About this task =>
Take the line with "トムテ人形 3体セット クリスマス" and every line after it, through the end of the listing, and give them again exactly, pictures excluded.

Supplied data =>
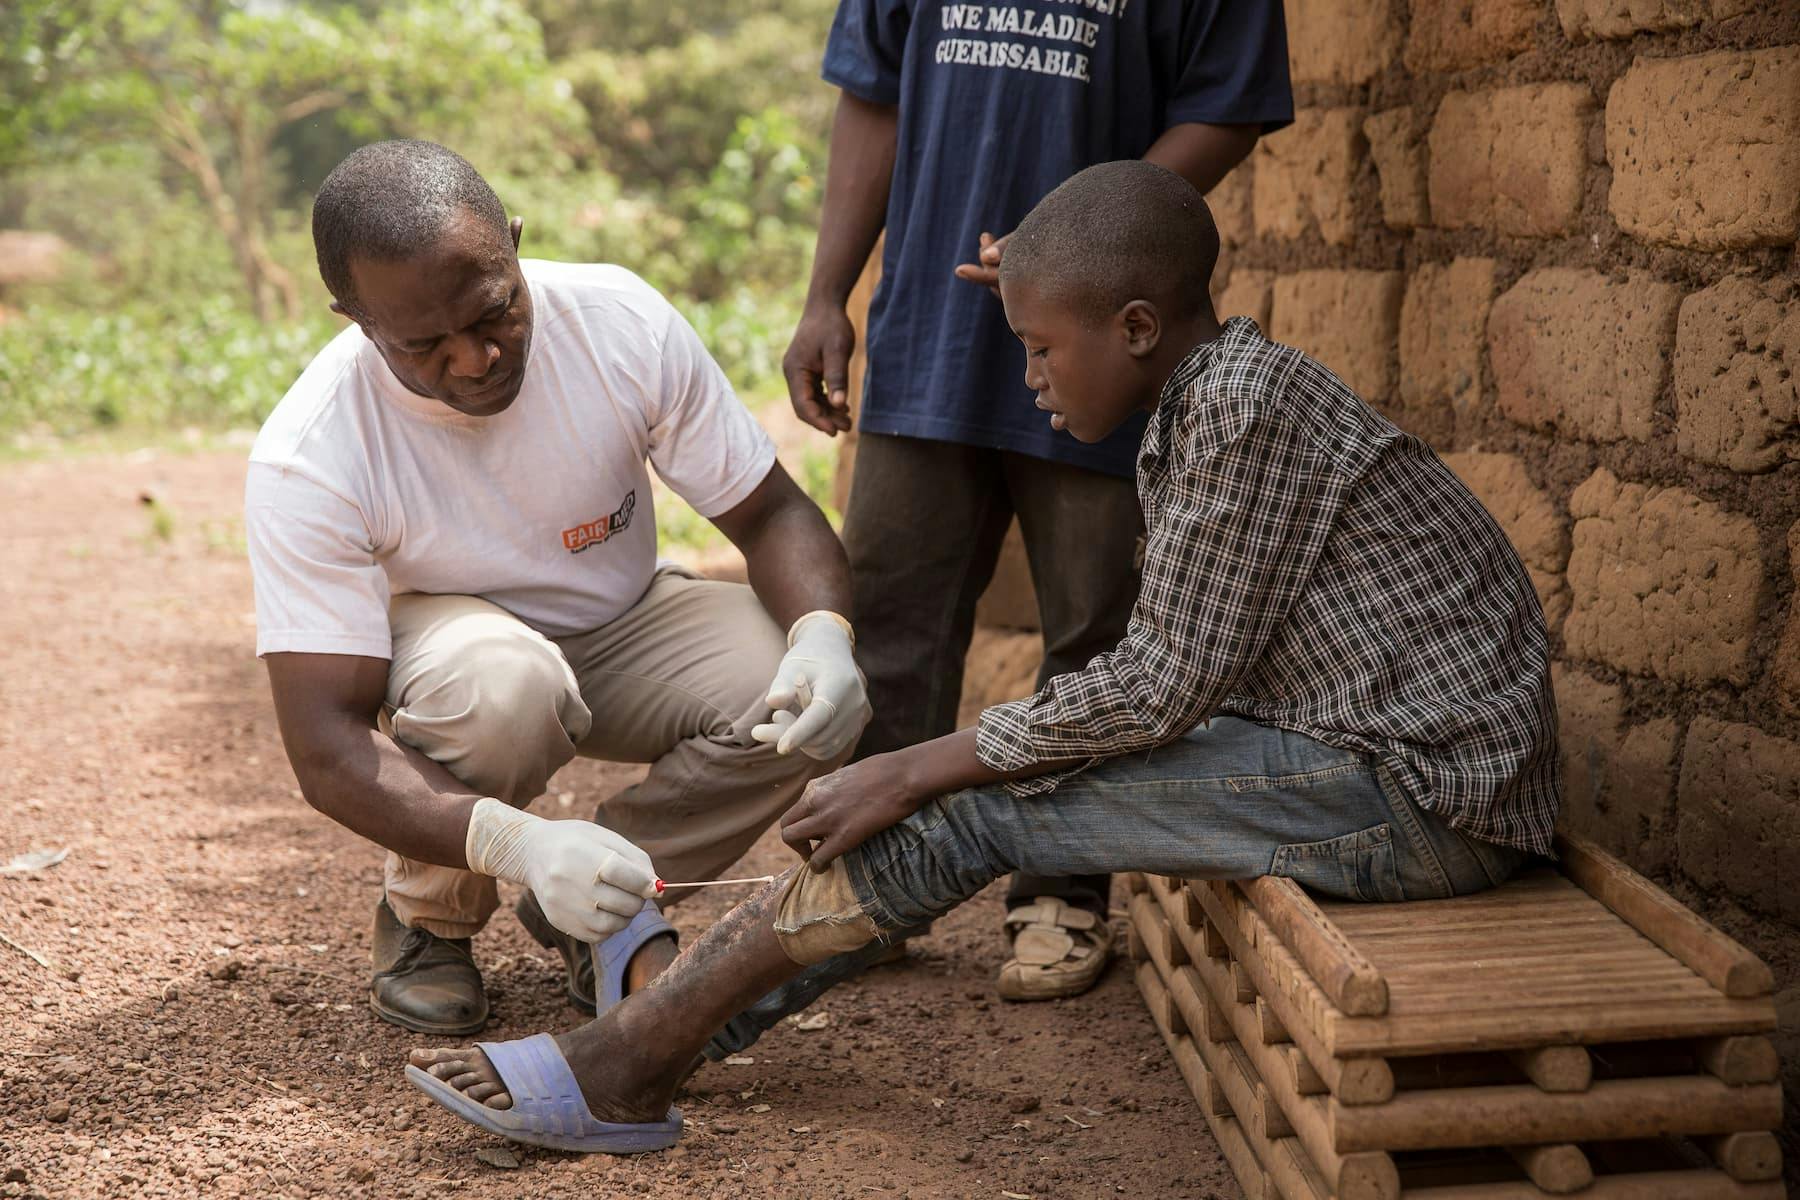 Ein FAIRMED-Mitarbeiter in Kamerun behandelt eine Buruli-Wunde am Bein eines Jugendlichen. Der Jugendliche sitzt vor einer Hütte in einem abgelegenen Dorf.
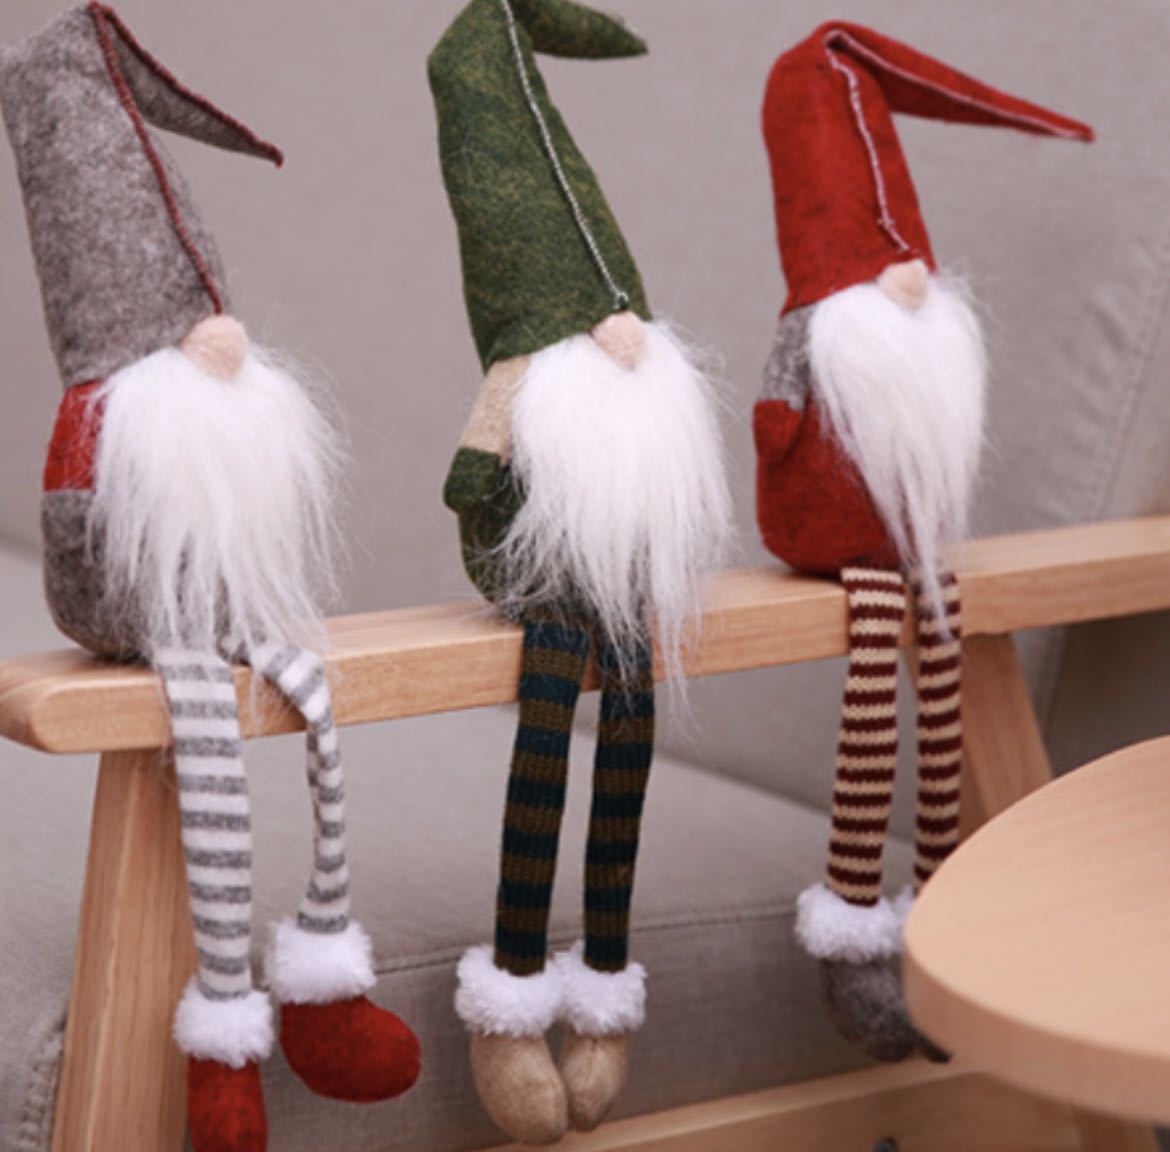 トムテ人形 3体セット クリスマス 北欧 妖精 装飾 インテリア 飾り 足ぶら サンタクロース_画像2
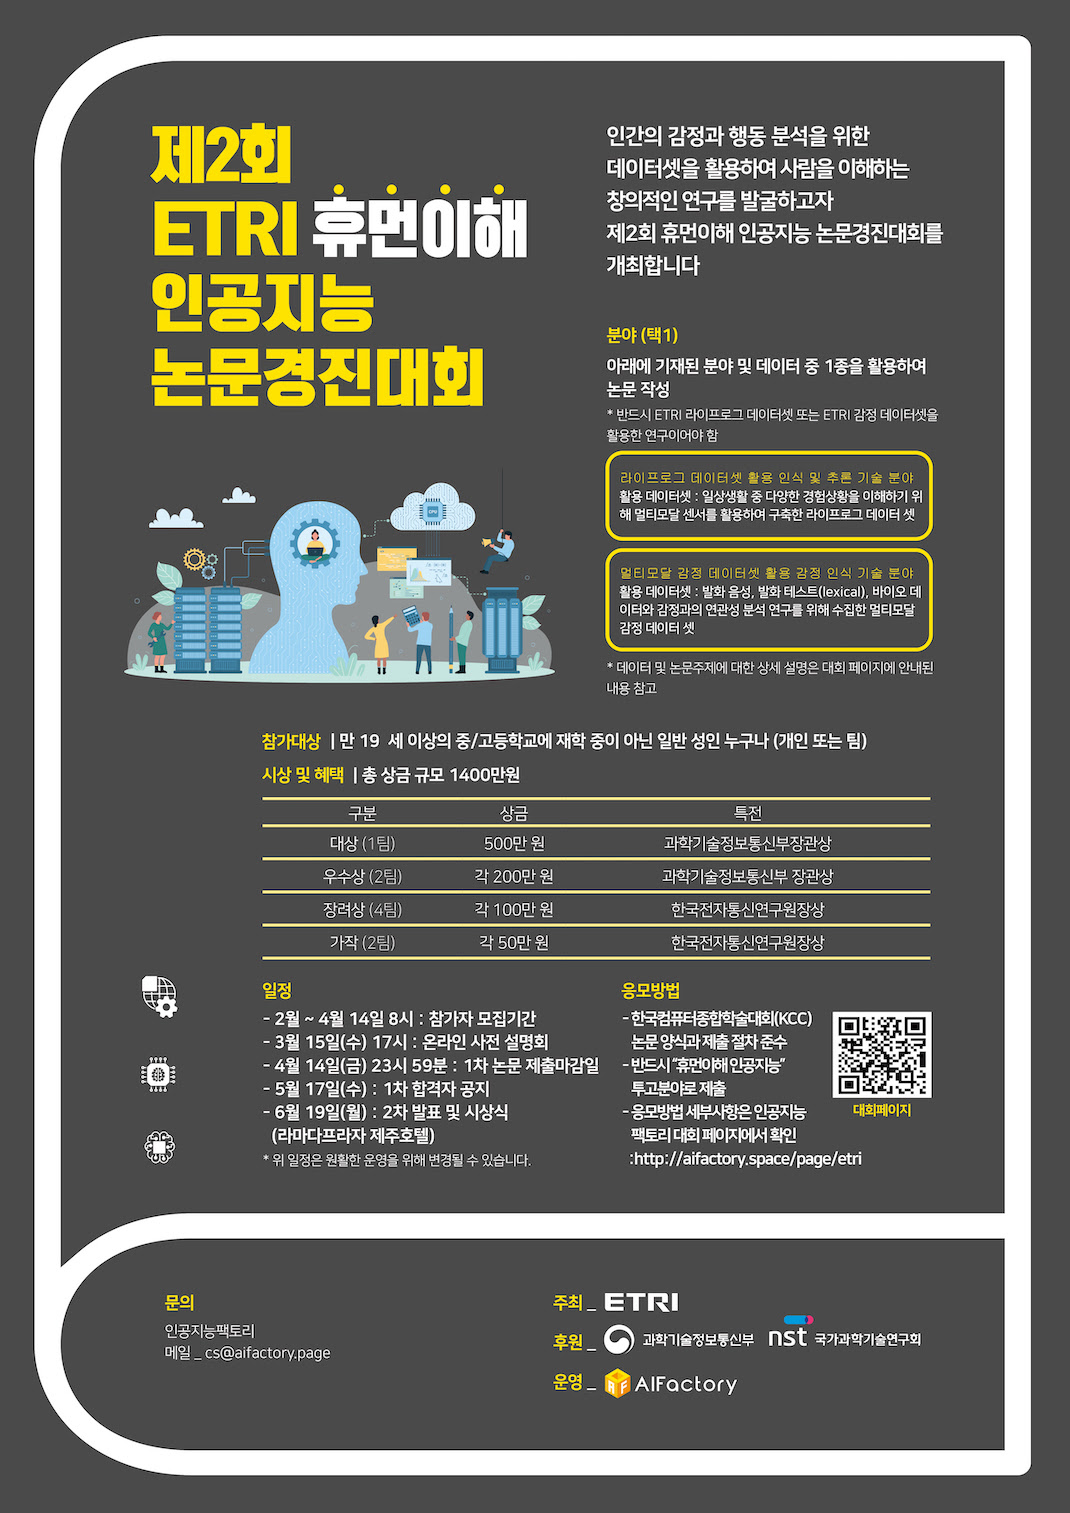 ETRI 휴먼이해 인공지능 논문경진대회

Finished exercise =>
 トムテ人形 3体セット クリスマス 北欧 妖精 装飾 インテリア 飾り 足ぶら サンタクロース_画像2
 ETRI 휴먼이해 인공지능 논문경진대회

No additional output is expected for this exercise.